Given data ->
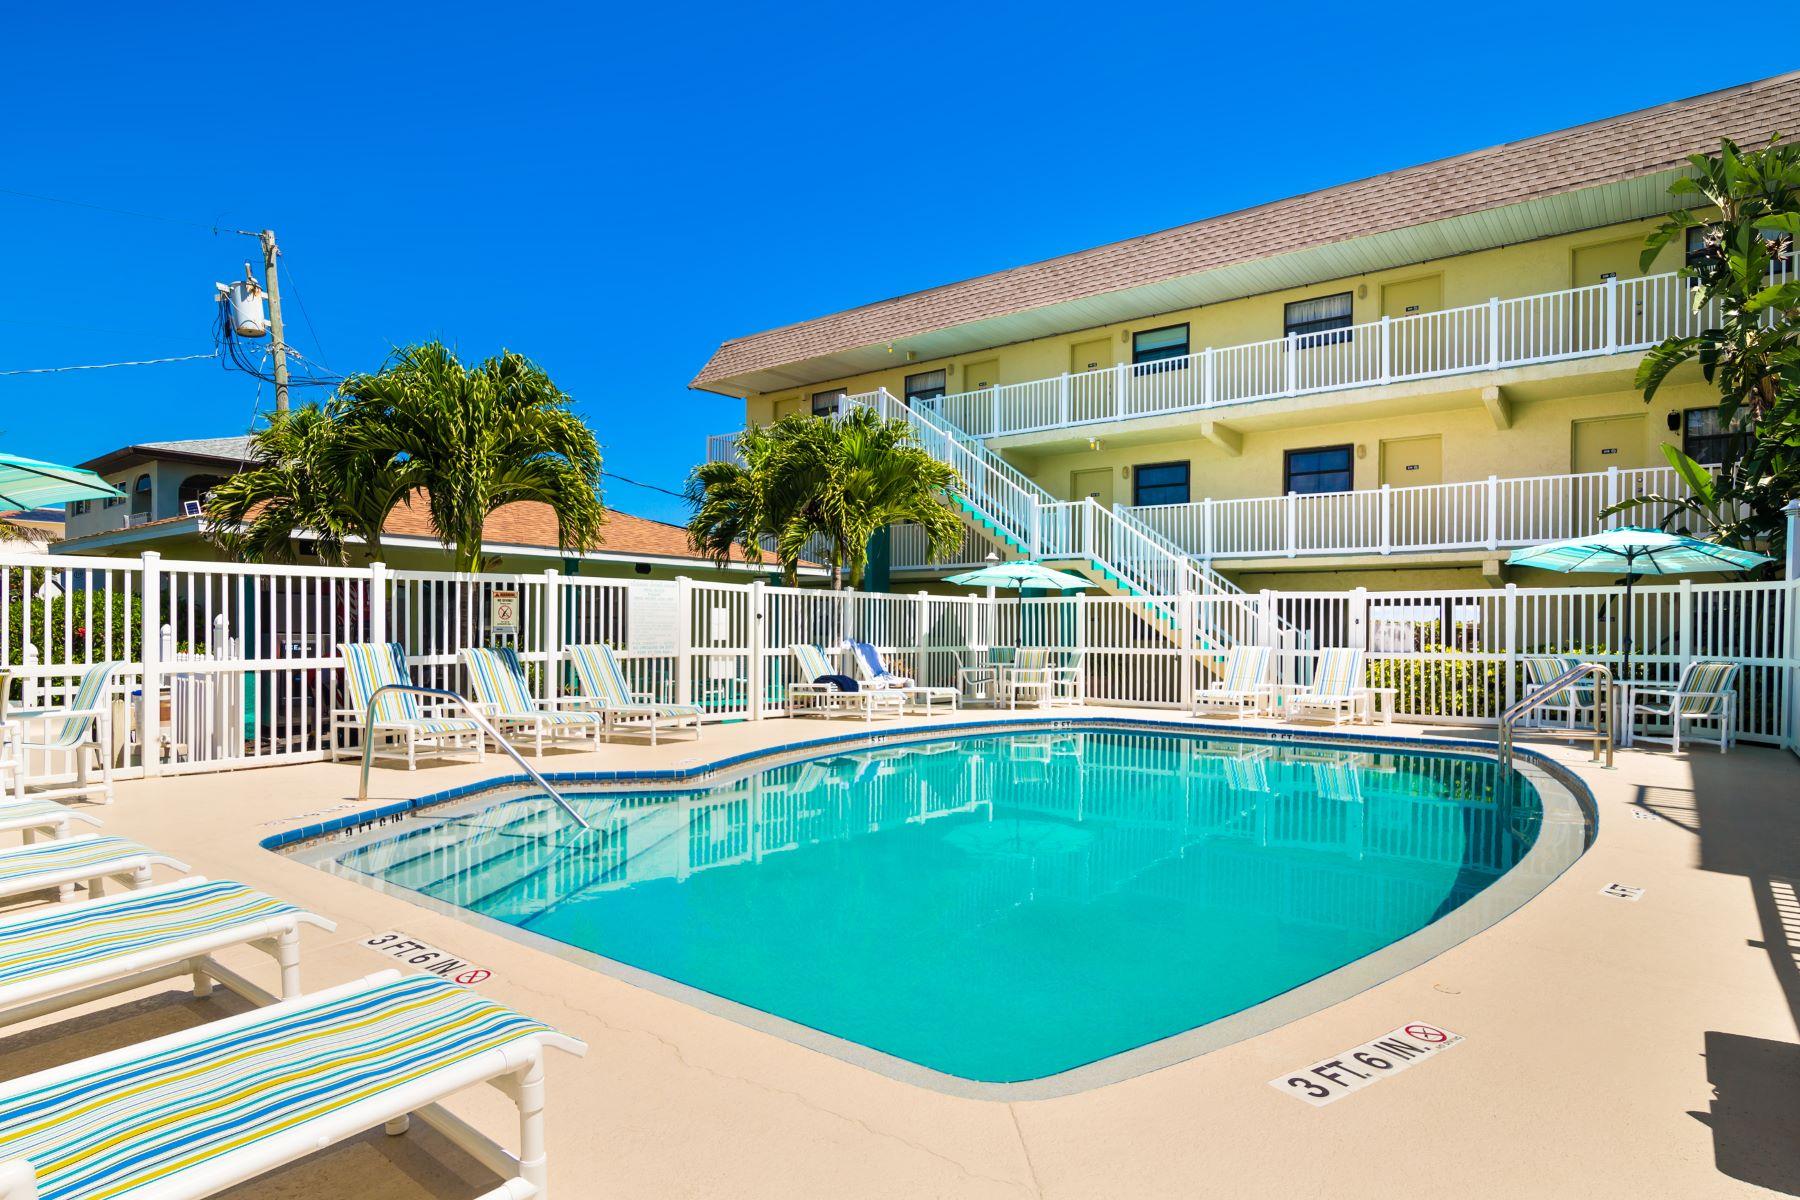 Tuckaway Shores 1441 S. Miramar Avenue #328 Indialantic, Florida 32903 Estados Unidos
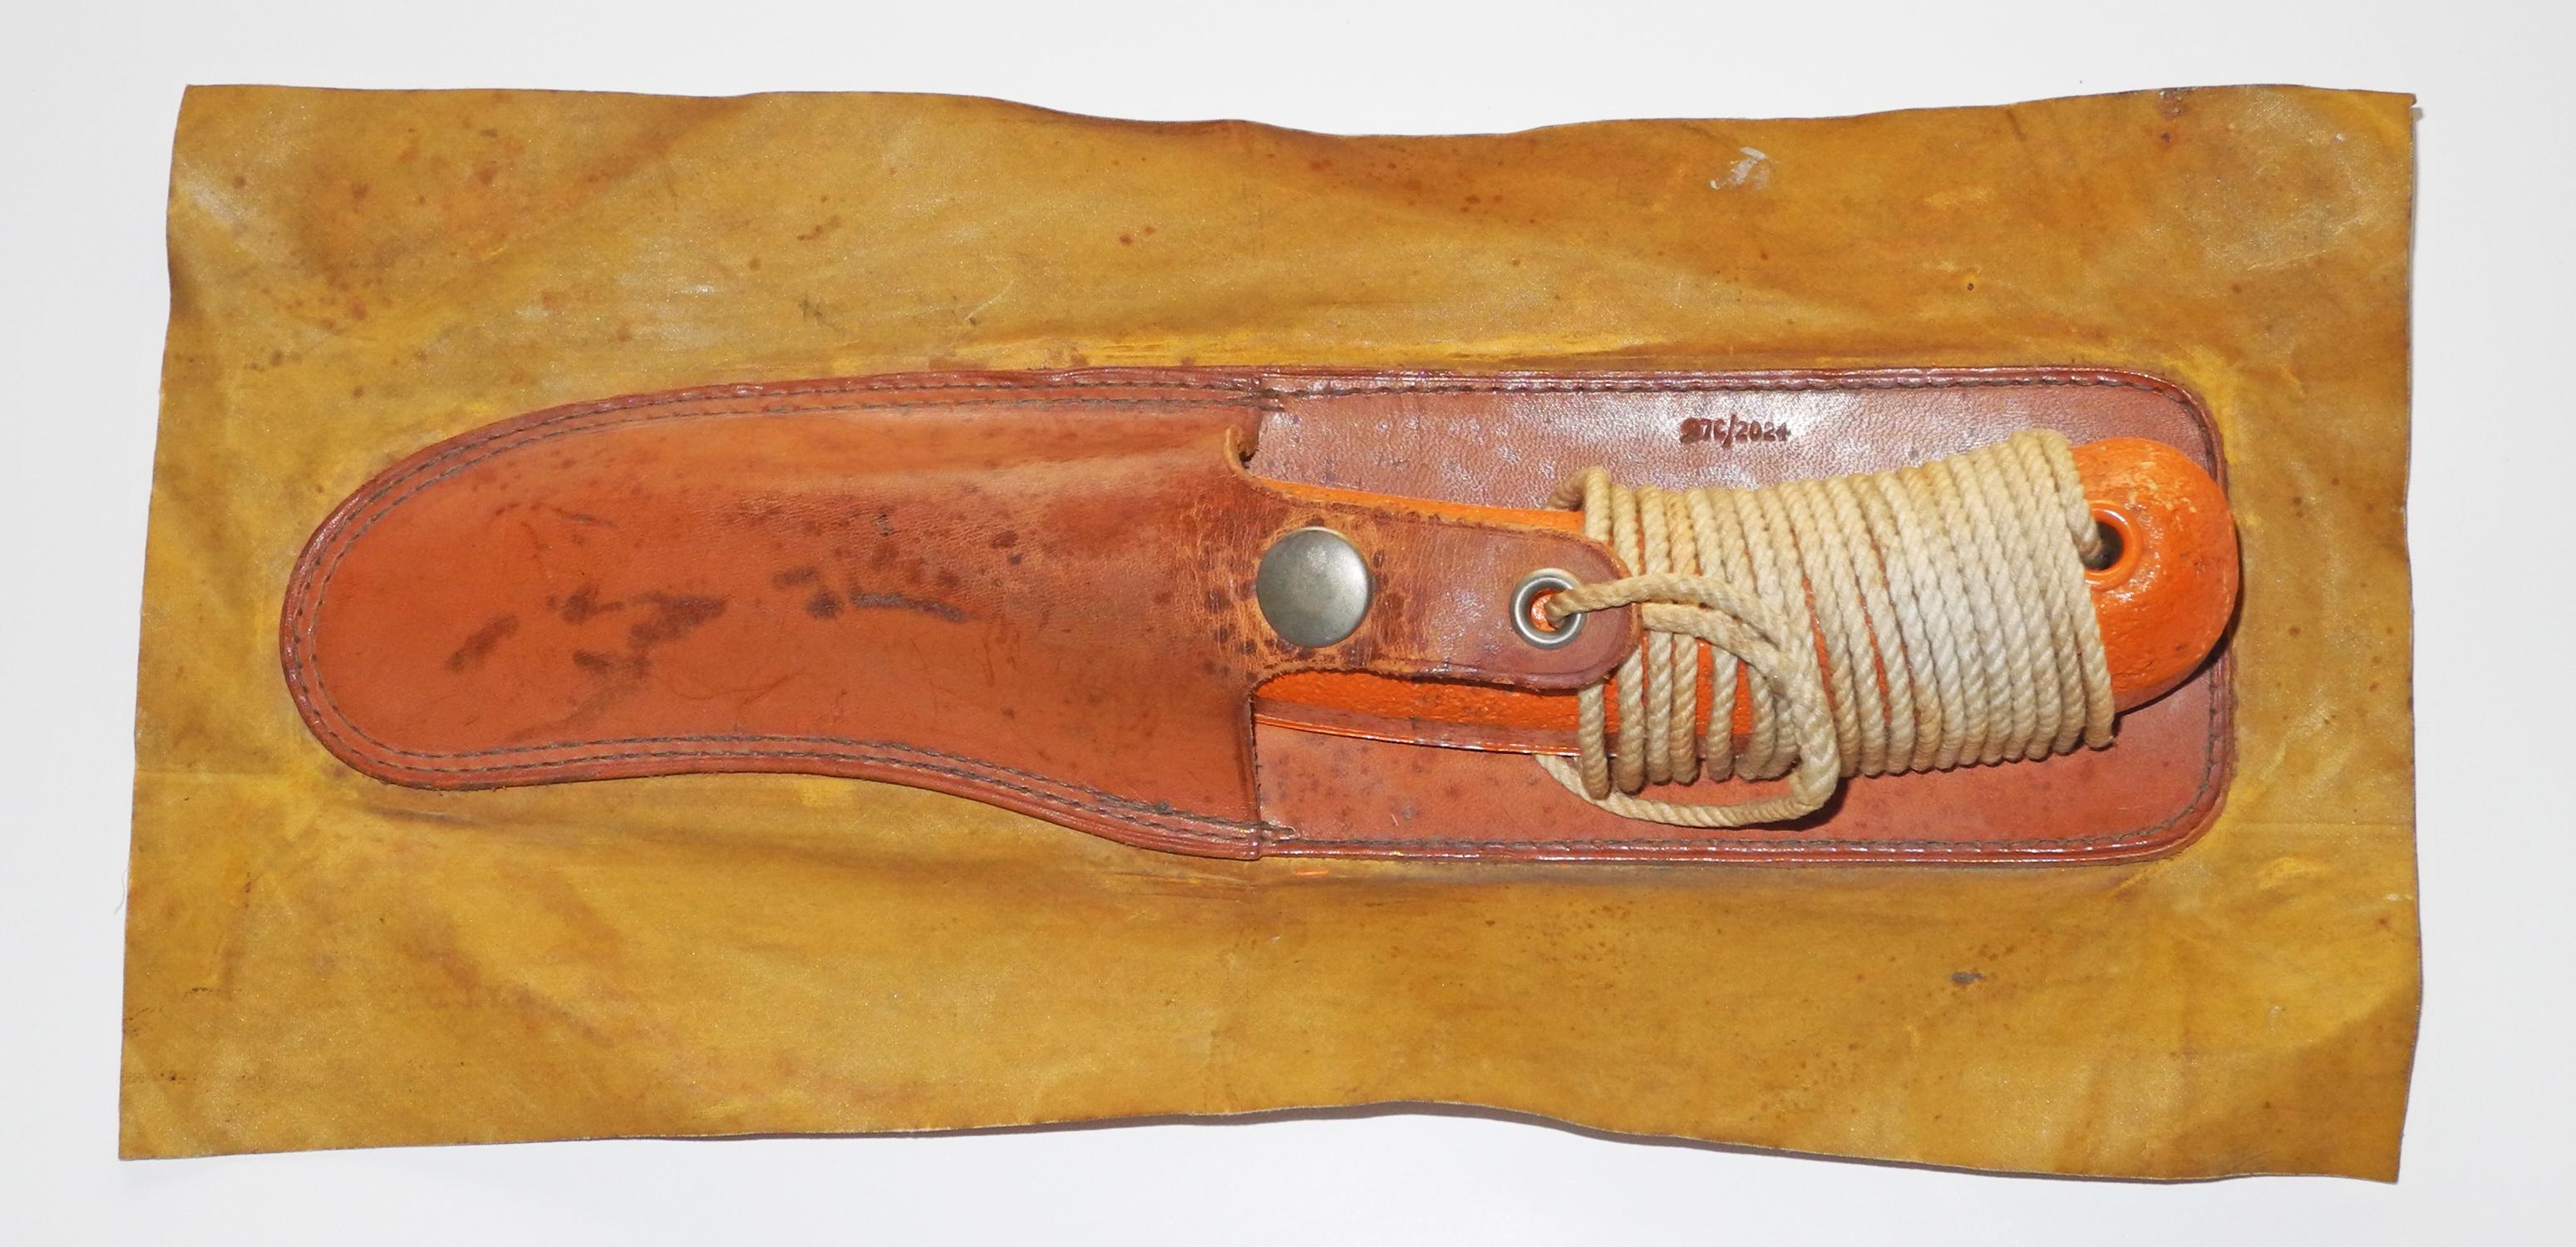 RAF dinghy knife - large version164
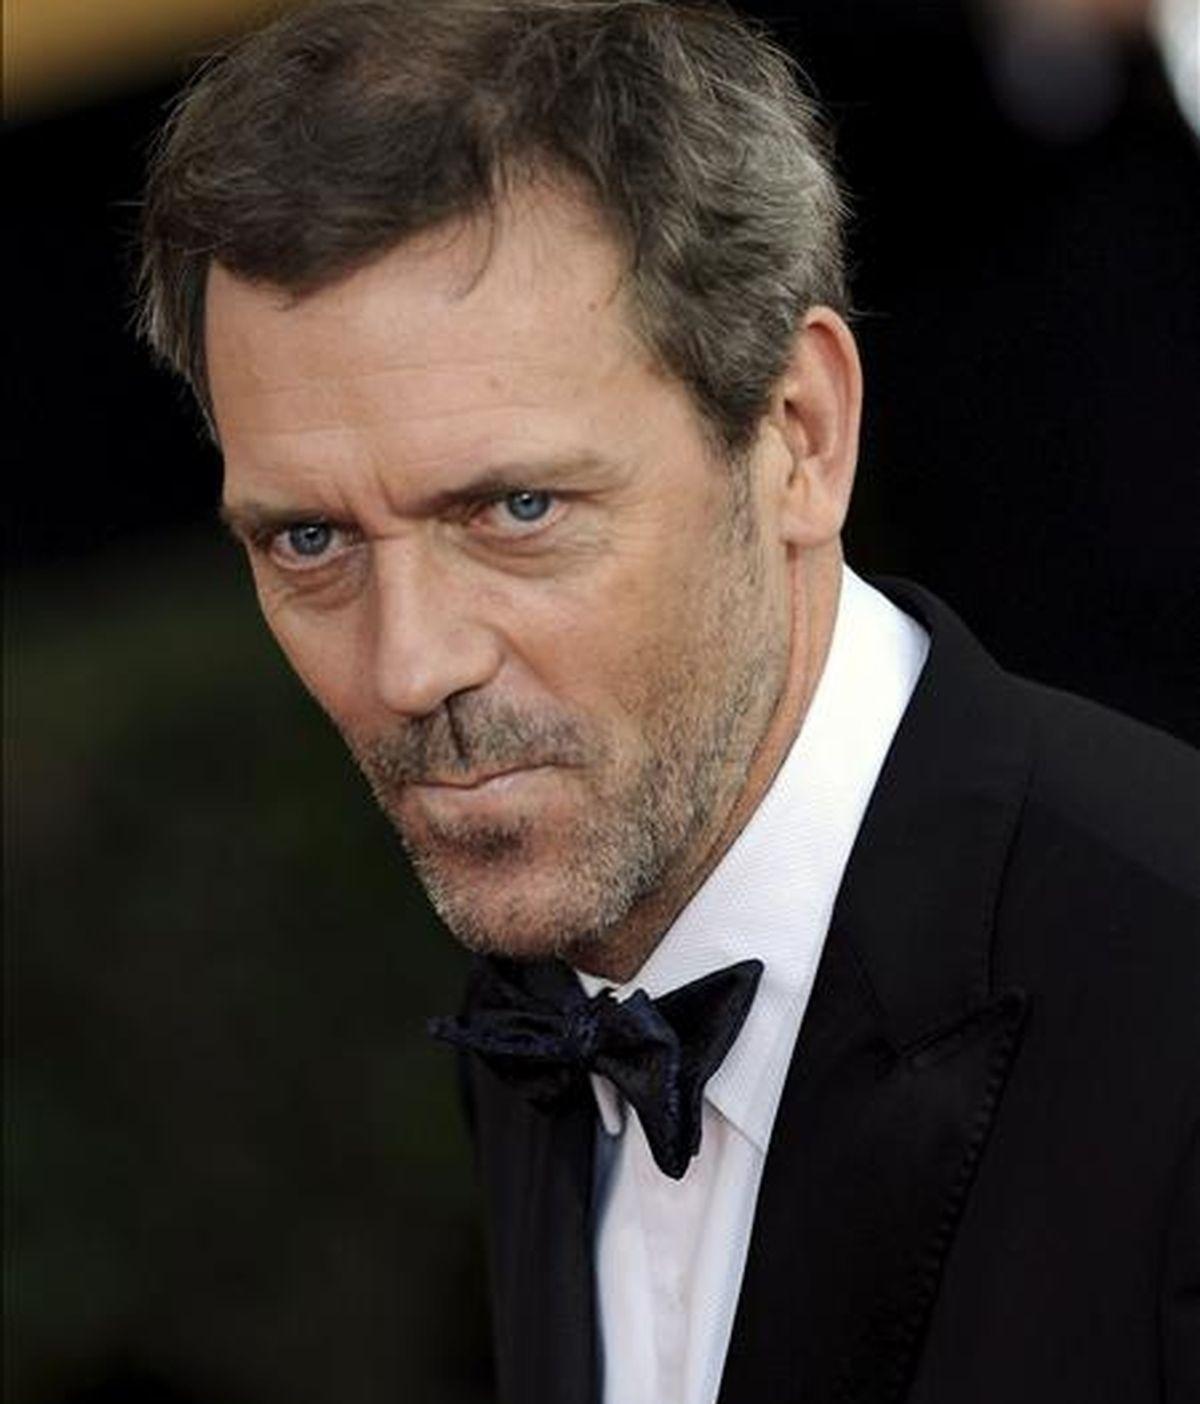 El actor Hugh Laurie el pasado 25 de enero, a su llegada a la entrega anual de los Premios del Sindicato de Actores de la Pantalla (SAG), que se lleva a cabo en el Auditorio Shrine de Los Ángeles, California (EEUU). EFE/Archivo
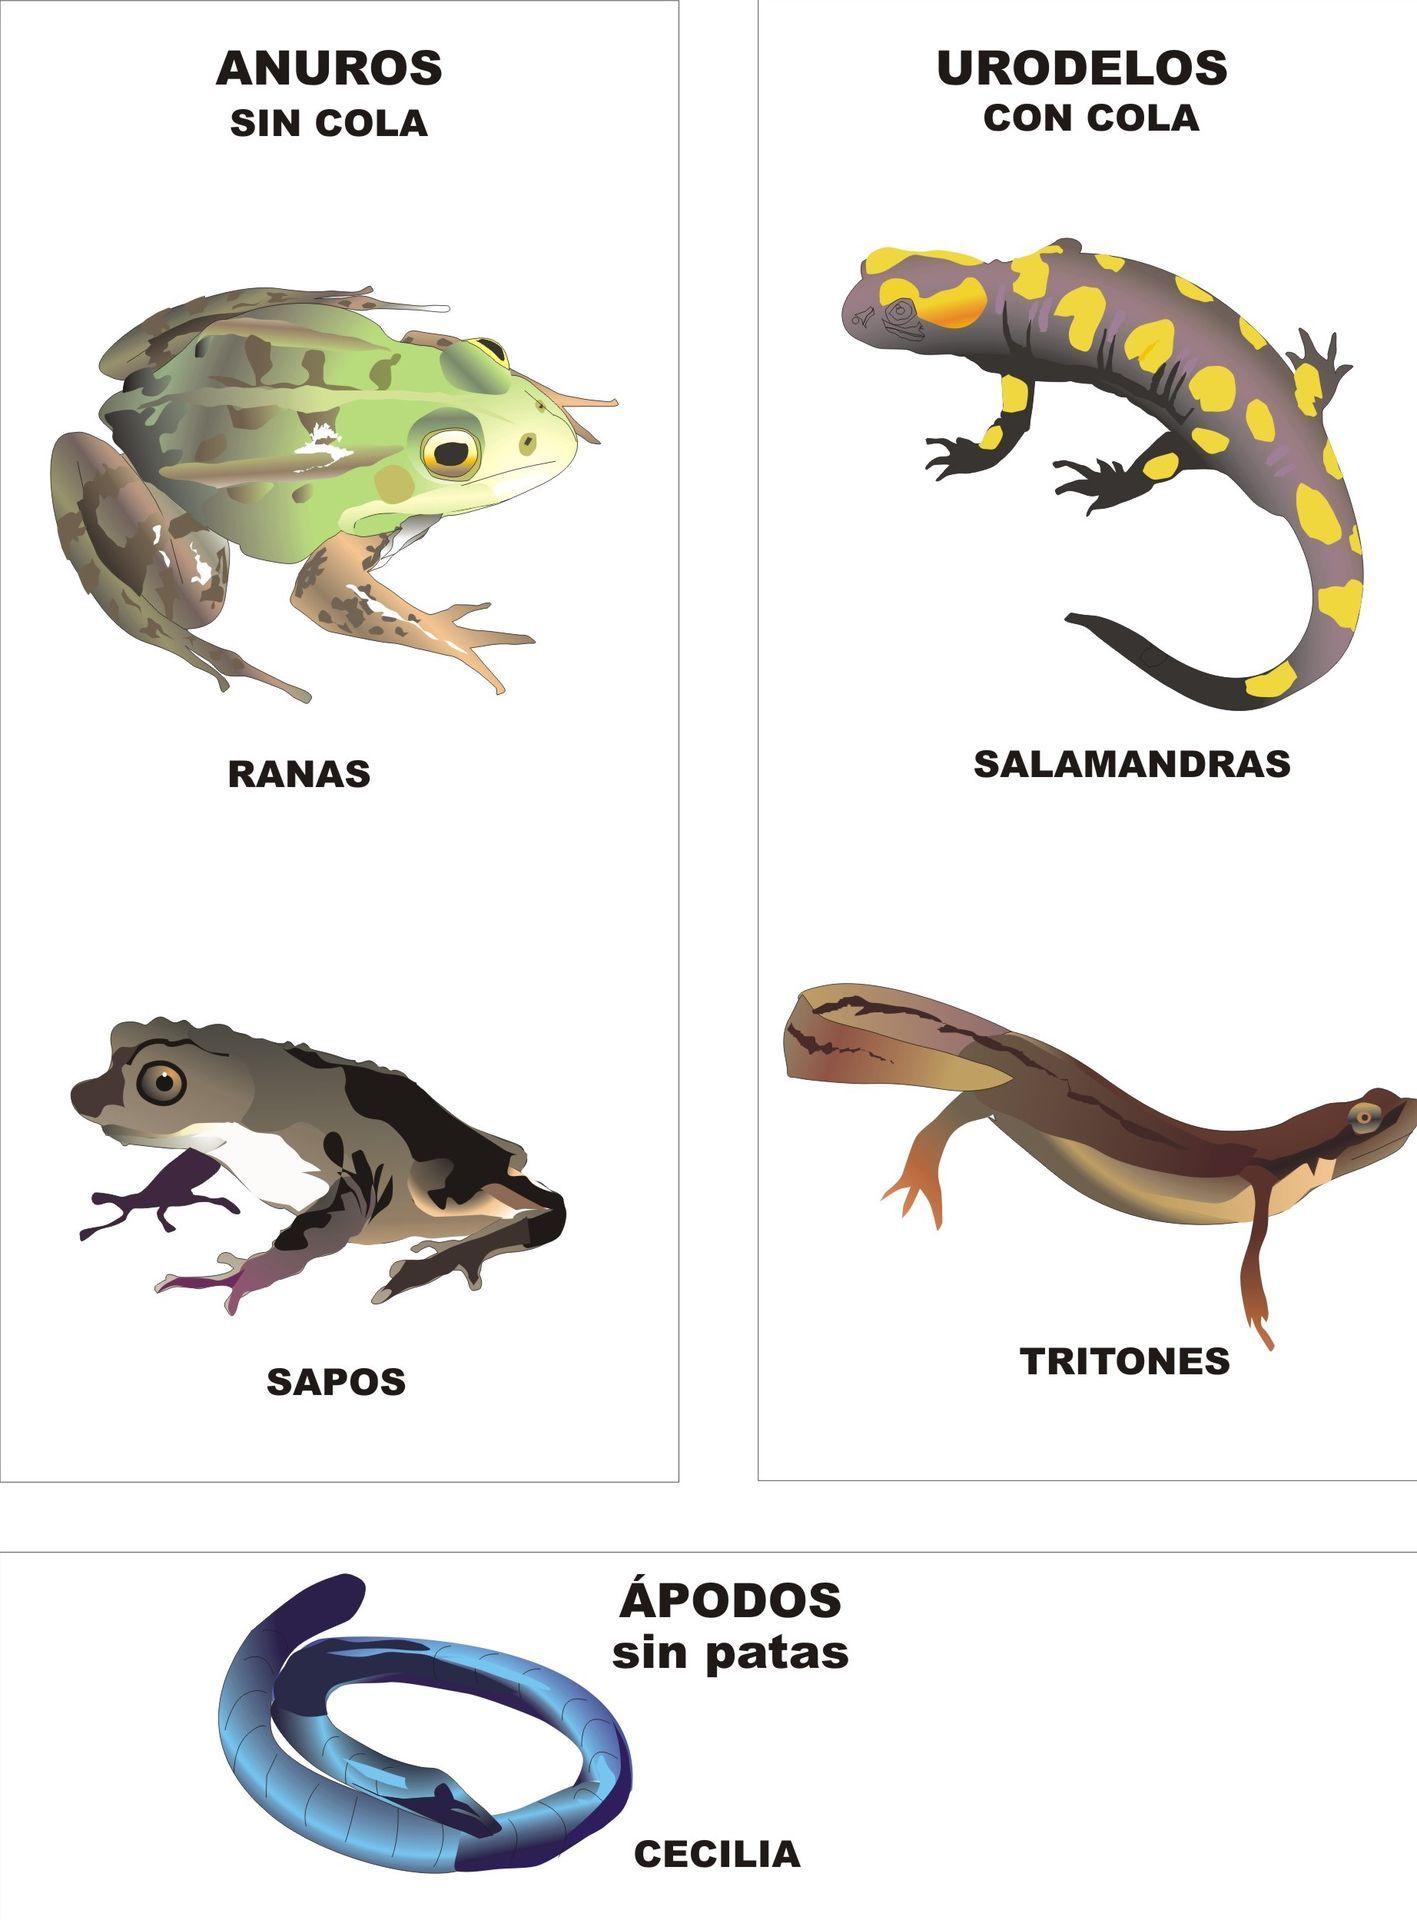 ⚫ ORDEN ANURA, anuros, ranas y sapos: Cabeza y tronco , sin cola, sin escamas, dos pares de extremidades, boca grande, pulmones, 6-10 vertebras incluyendo urostilo (coxis)

Task to complete ->
Please reproduce the listing exactly, leaving out any pictures.

Reply ->
 Tuckaway Shores 1441 S. Miramar Avenue #328 Indialantic, Florida 32903 Estados Unidos
 RAF dinghy knife - large version164
 El actor Hugh Laurie el pasado 25 de enero, a su llegada a la entrega anual de los Premios del Sindicato de Actores de la Pantalla (SAG), que se lleva a cabo en el Auditorio Shrine de Los Ángeles, California (EEUU). EFE/Archivo
 ⚫ ORDEN ANURA, anuros, ranas y sapos: Cabeza y tronco , sin cola, sin escamas, dos pares de extremidades, boca grande, pulmones, 6-10 vertebras incluyendo urostilo (coxis)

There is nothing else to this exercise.